Anti-patterns (seen tonight, to avoid)

  • "Run pdpp browser bootstrap X to re-auth" — requires laptop access. Wrong for unattended. The connector should drive login itself.
  • "Deferred to co-pilot session" — acceptable during design, unacceptable once credentials are available. Tonight's USAA CSV-export flow went from "deferred" to "wired live" once I used the existing session.
  • Fixed-length timeouts that don't retry — a 60-second download timeout might be right for 3 months of data and wrong for 2 years. Use candidate-range fallbacks.
  • Silent selector drift — if a selector misses, emit a structured SKIP_RESULT with reason: "selectors_pending", don't return empty records.

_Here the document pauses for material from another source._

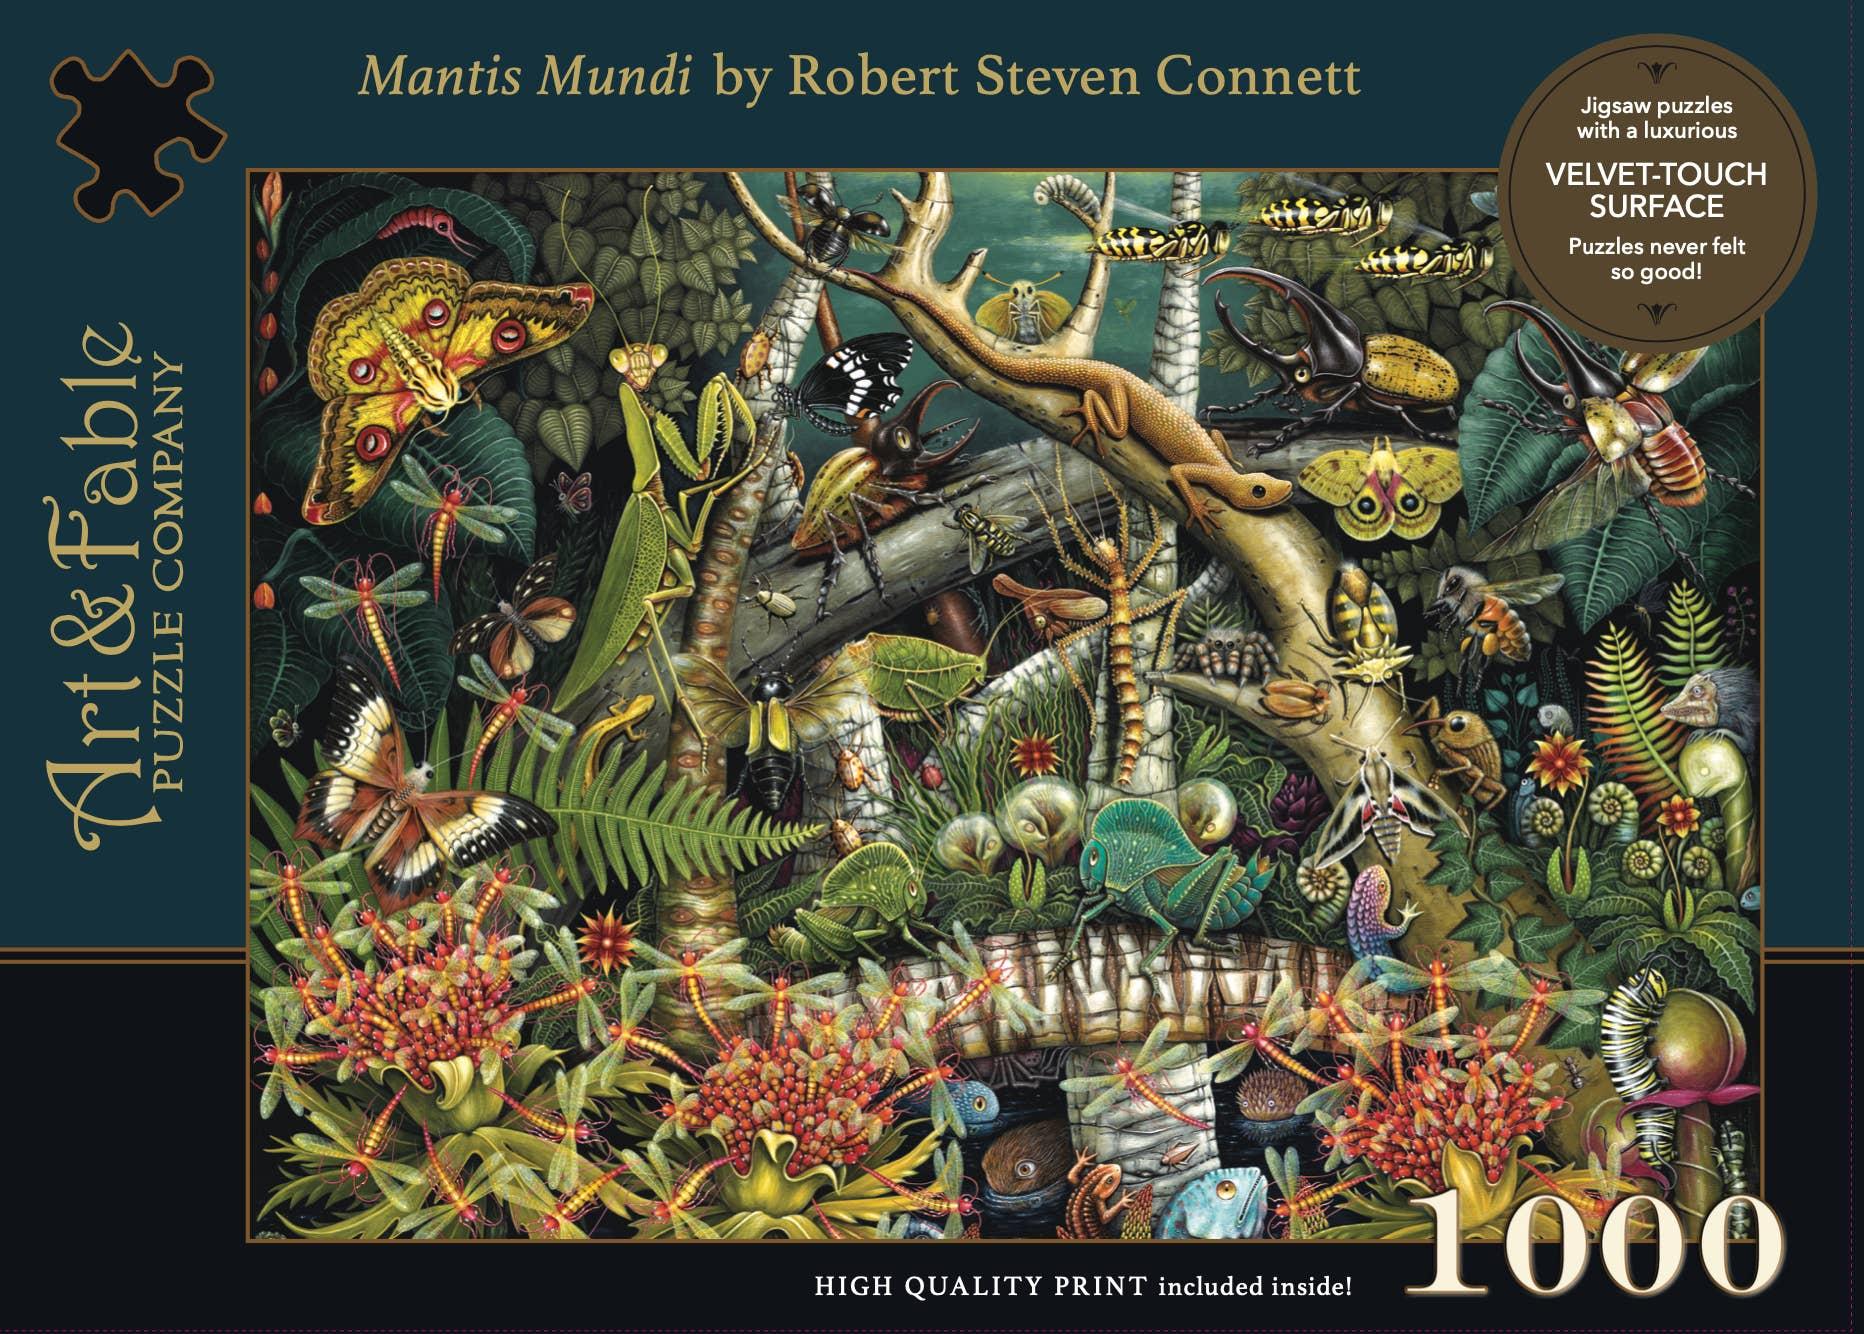 Mantis Mundi, 1000-pc Velvet-Touch Jigsaw Puzzle by artist RS Connett | Trada Marketplace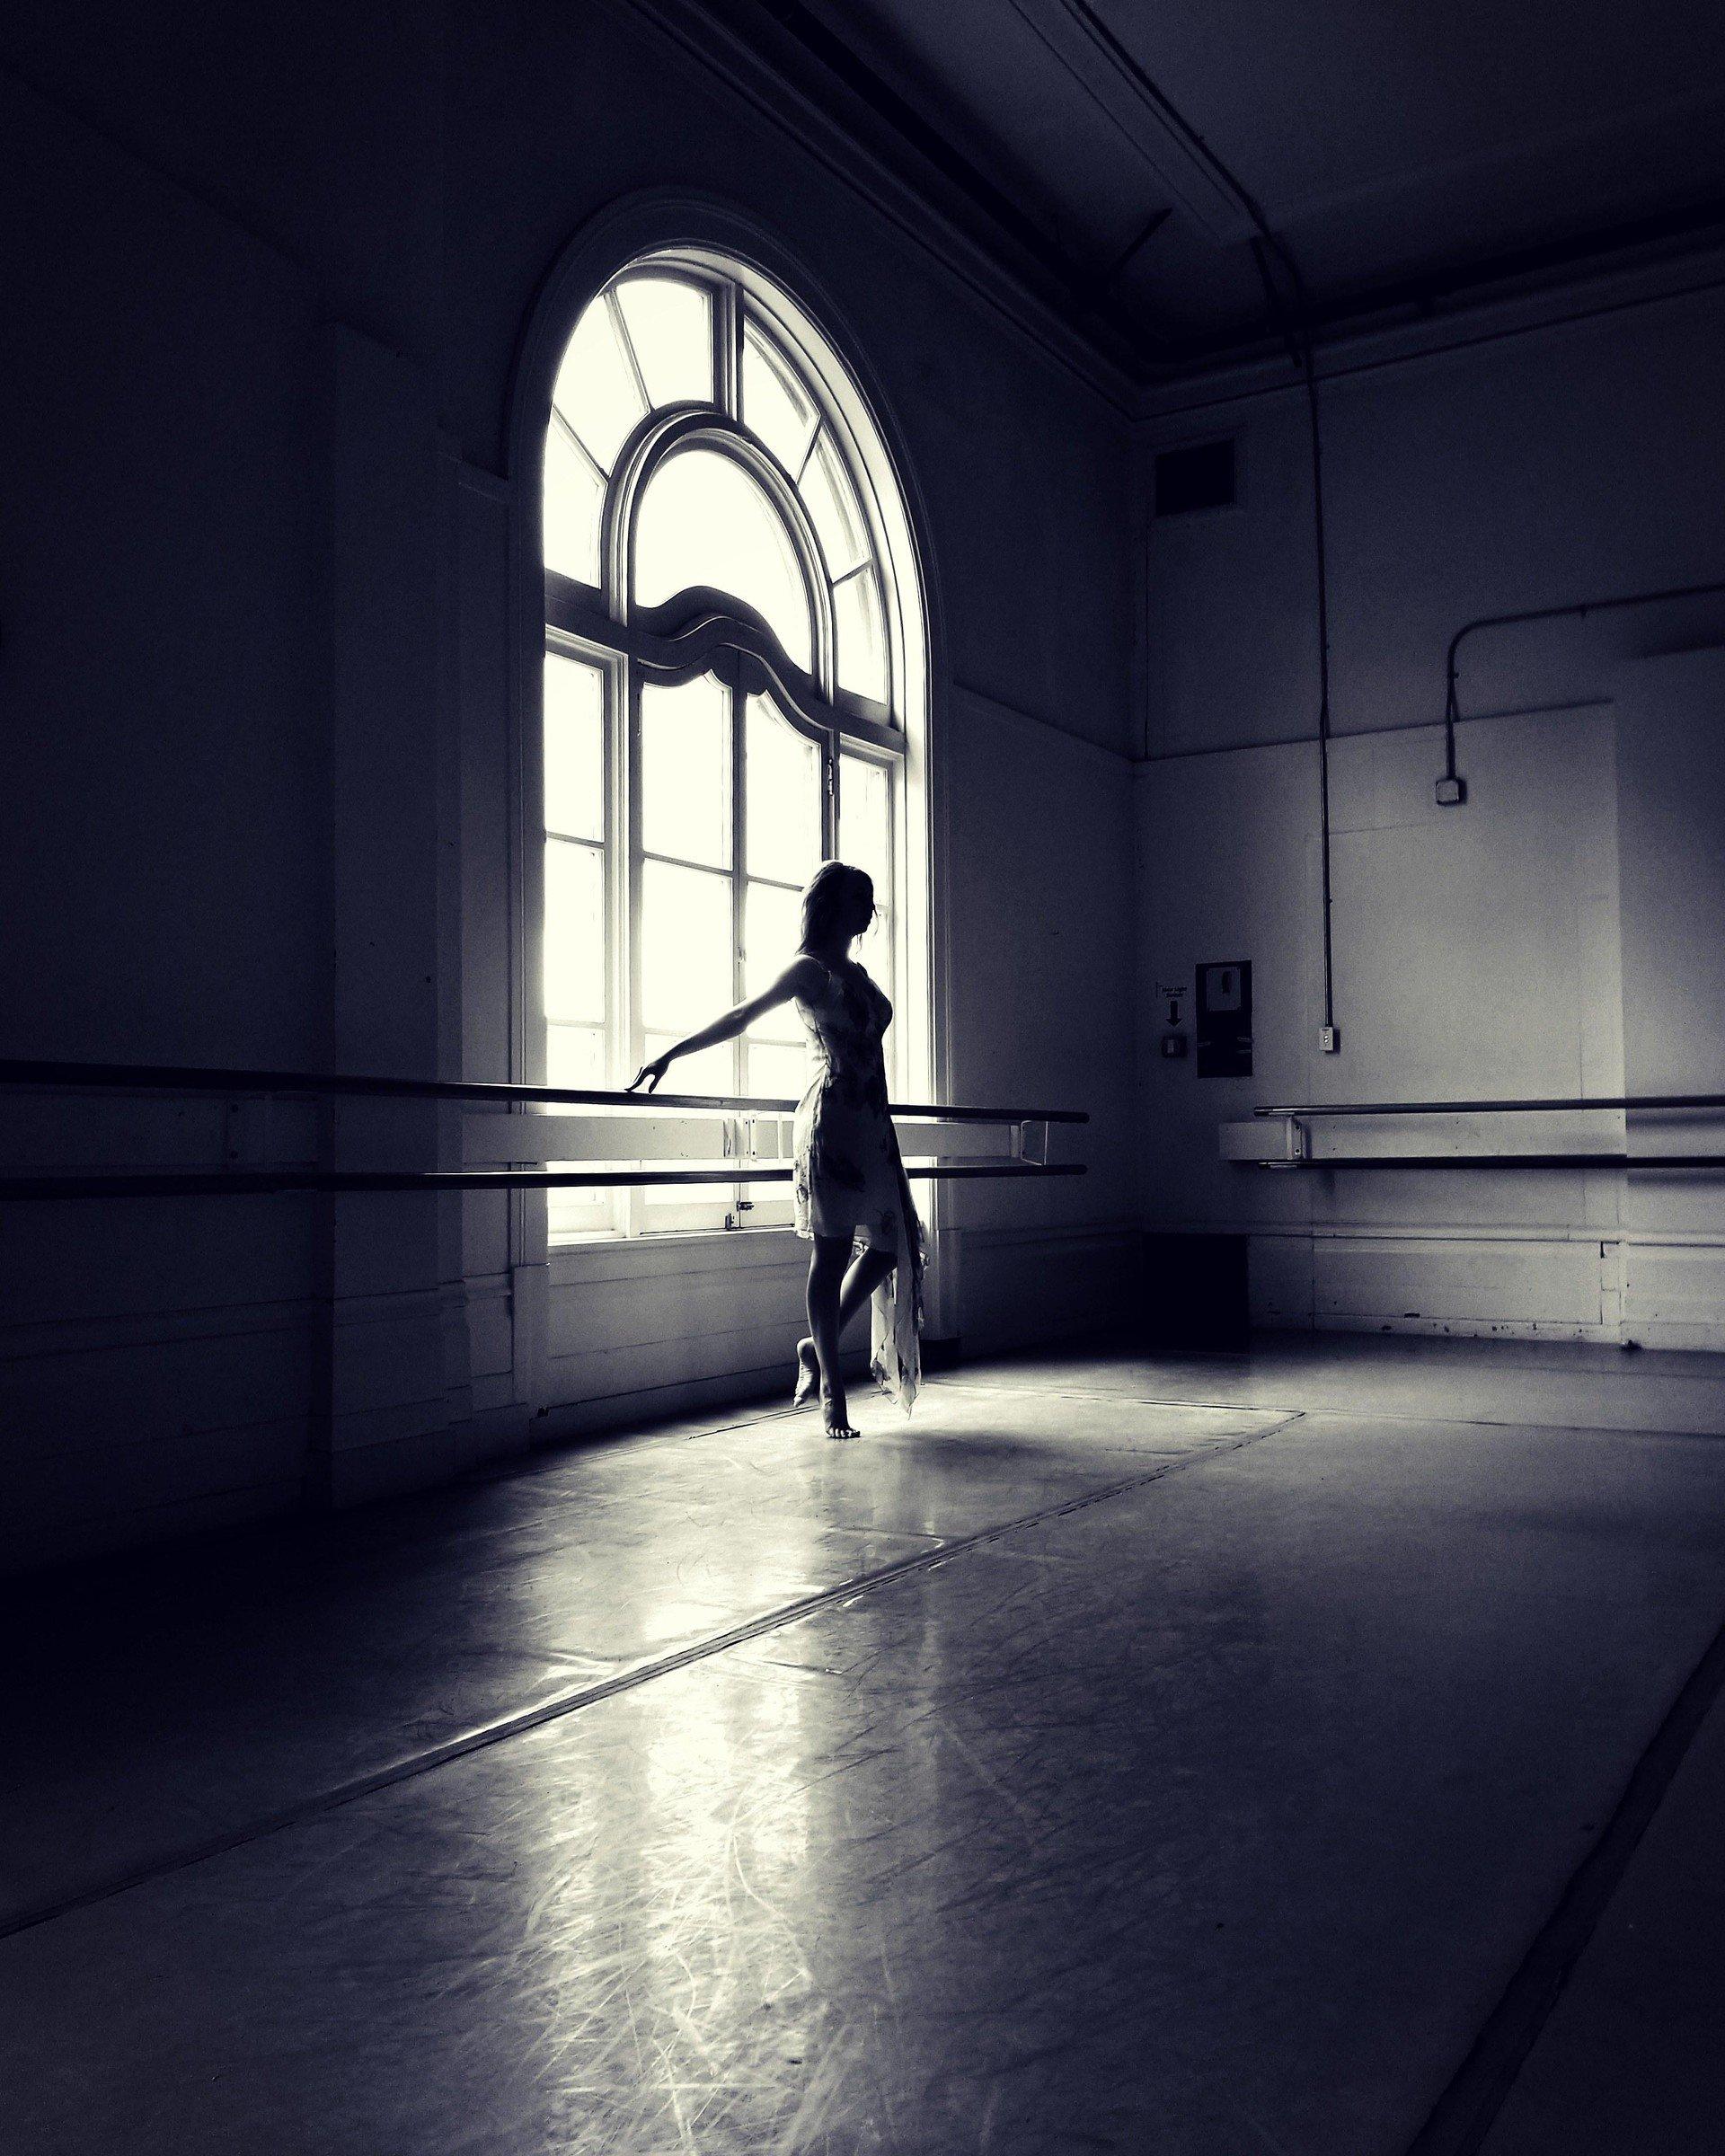 San Francisco workshop spaces Lieu Atypique Alonzo Kings LINES Ballet Studio 1 image 1

Compliance checklist per connector

Before a connector is considered complete:

  • Handles session expiry with automated re-auth from stored creds
  • Fires 2FA INTERACTION via ntfy + phone-response file pattern
  • All selectors pinned to stable attributes
  • At least one full run with pnpm ... run <connector> under cron/scheduler with no interactive input
  • Keep-alive integrated with scheduler
  • State preserved across expected + unexpected failures
  • Handles empty windows (no data) without erroring

Retroactive audit

Applying to existing connectors:

ConnectorCompliantGaps
ynabAPI-only, no session concerns
gmailIMAP app password, stable
chatgpt🟡No auto re-auth; relies on bootstrap — needs automated login
usaa🟡Has 2FA-via-file pattern; needs automated password re-entry on expiry
amazonRequires wife's-phone 2FA; can only run when phone is accessible — fundamental constraint
github, oura, spotify, strava, notion, reddit, pocketAPI tokens
whatsapp, google_takeout, twitter_archive, apple_health, icalFile-based, no auth
slackslackdump EZ-login handles session automatically
anthropic, shopify, heb, wholefoods, linkedin, meta, loom, uber, doordash🟡Scaffolded; each needs the automated re-auth + 2FA flow when wired

Amazon's 2FA-through-wife's-phone is a hard dependency we can't paper over at the connector level. Best we can do: prompt Tim clearly when the scheduler hits Amazon's expiry and flag whether it's a "fast re-auth with stored creds" path (doesn't need wife) or "needs 2FA on her phone" path.